A high-throughput RNA-sequencing analysis was performed to investigate the molecular responses of the BnaCLCs to different NO₃^- levels. The shoots and roots of ‘XY15’ were sampled under NO₃^--depletion and NO₃^--replenishment conditions. The expression levels of BnaCLCas were strongly induced by NO₃^- replenishment in both shoots and roots (Fig 7A). It has been reported that the response of AtCLCb is identical to that of AtCLCa [20], whereas the response of BnaCLCbs to NO₃^- replenishment is different from that of BnaCLCas. In the present study, the transcript abundances of BnaCLCbs in the shoots were induced by NO₃^-, which was different from that in roots (Fig 7B). The other BnaCLCs, including BnaCLCc–g, were significantly down-regulated by NO₃^- replenishment in the shoots. In the roots, the transcript levels of BnaC2.CLCc-2, BnaC6.CLCf-1, and BnaA6.CLCf-4 were significantly down-regulated by resupplying NO₃^-, but the others showed no obvious changes after NO₃^- replenishment (Fig 7C–7G).

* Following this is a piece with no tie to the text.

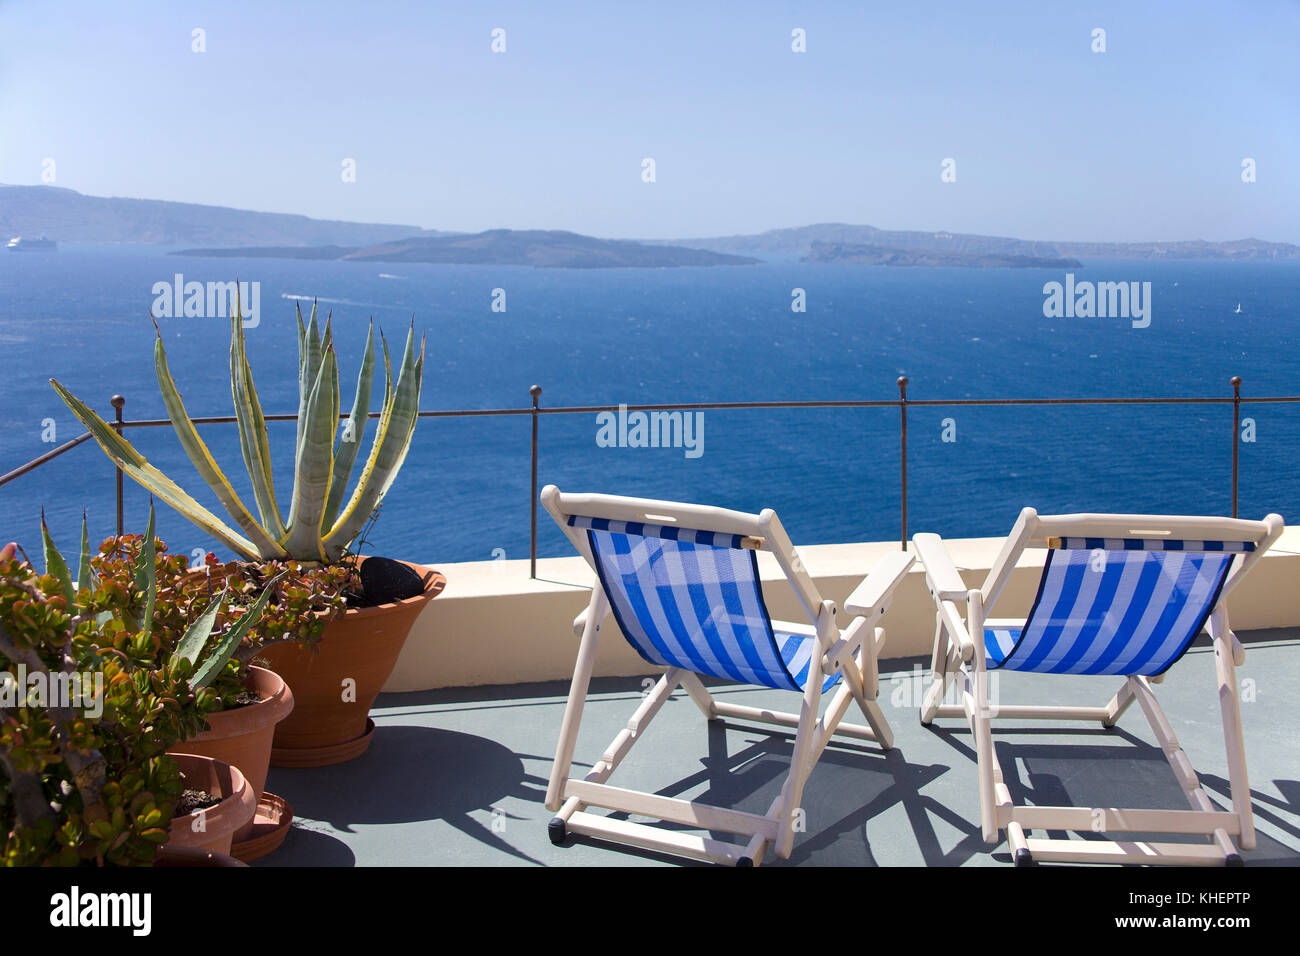 Deux chaises sur un toit-terrasse avec vue sur la mer, Oia, Santorin, Cyclades, l'île de la mer Égée, Grèce Banque D'Images

Fig 7. Expression profiling of the BnaCLCs in response to NO₃^- depletion and resupply in B. napus (A-G).

The shoots (S) and roots (R) were sampled separately for RNA seq. S-d shows shoot sample under NO₃^--depletion treatment, and S-r indicates shoot sample under NO₃^--resupply treatment. R-d represents root sample under NO₃^--depletion treatment, and R-r indicates root sample under NO₃^--resupply treatment. The asterisks denote significant differences at P < 0.05. Co-expression network analysis of the BnaCLCs (H, I). Cycle nodes represent genes, and the size of the nodes represents the power of the interaction among the nodes by degree value. Edges between two nodes represent interactions between genes.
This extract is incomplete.